Black hole's singularity: Does it has to be multi-dimensional?

Question

We assume that there is an infinite density at the center of a black hole. But we also know that if it was really infinite, it would apply an infinite gravitational force to masses even if they were millions of light years away. So there must be a multivariable calculus equation for a black hole's force field. There must be some boundaries.

However, we also know that some black holes even bend lights, massless particals, so we are also pretty sure somewhere in the equation for some specific conditions there is an infinity. So in the equation, the boundaries must be set by another dimension, another variables we can not observe that are beyond 3 dimensions and space-time compression.
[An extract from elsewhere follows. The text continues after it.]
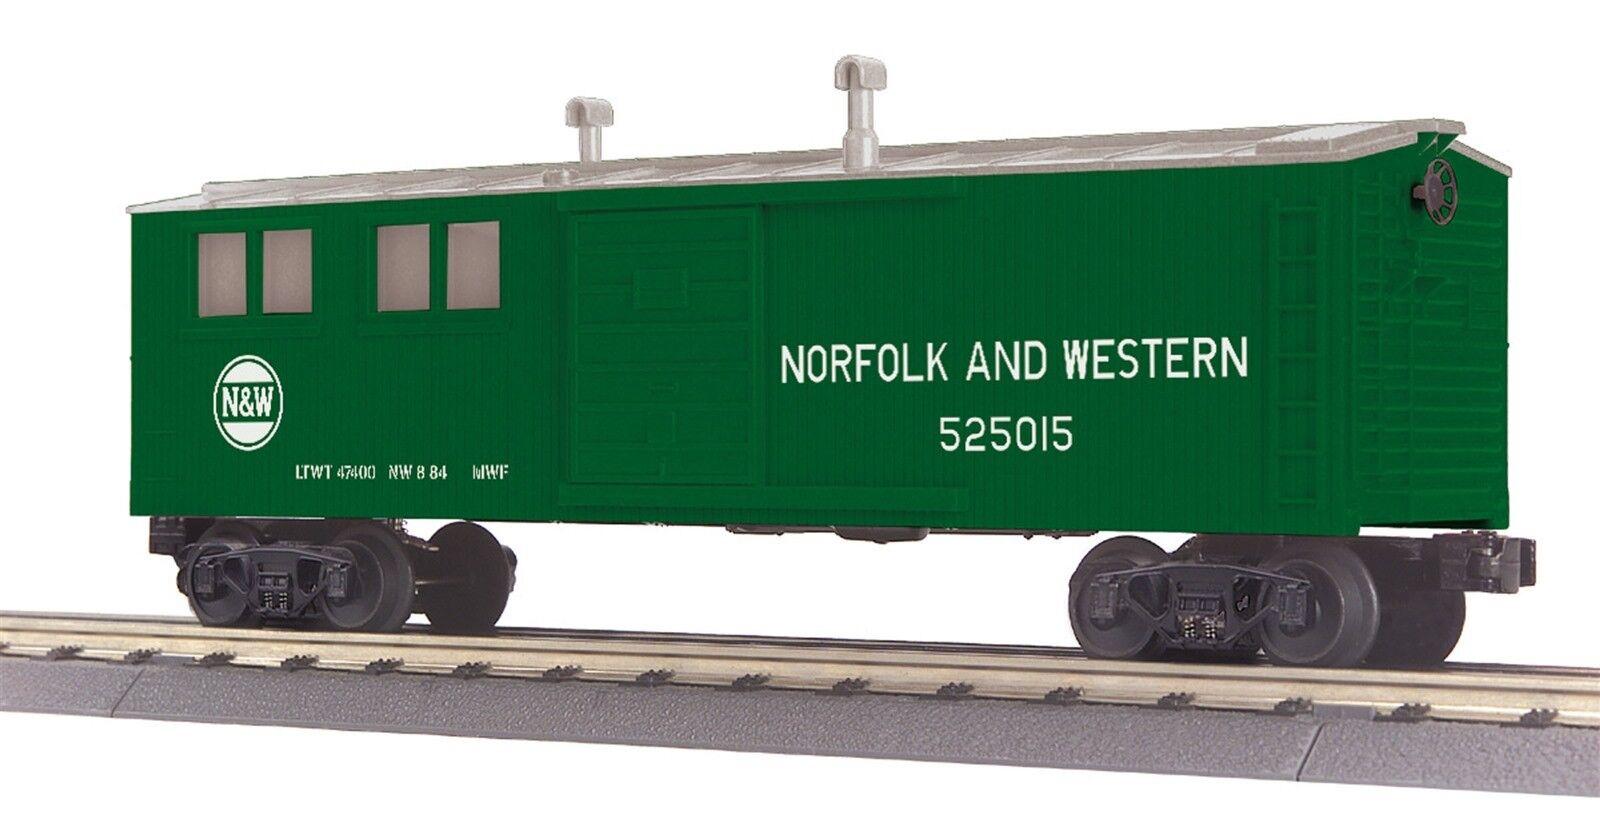 MTH RailKing 30-79477 Norfolk And Western Engineering Car O Gauge Model Trains

So this is where I got so far. If some variables from another dimension(s) involved, what are they? If not, how a black hole which is assumed to have an infinite density, does not effect us (Earth) infinitely?

Answer 1

The infinities of a singularity apply at the singularity, not everywhere; that's actually part of its nature as "a singularity" within a generally non-singular space. The gravitational acceleration of a massive body increases as $1/r$ (for a point mass, i.e. ignoring shell effects) and $1/r$ is only infinite as you approach $r=0$. Obviously, for very large $r$ the gravitational acceleration is quite small, which as an example is why it takes us here near the edge of the galaxy so long to make an orbit, even though the galaxy is very massive: the galaxy is also very wide (very large $r$) so two factors balance out to a finite (and rather small) acceleration.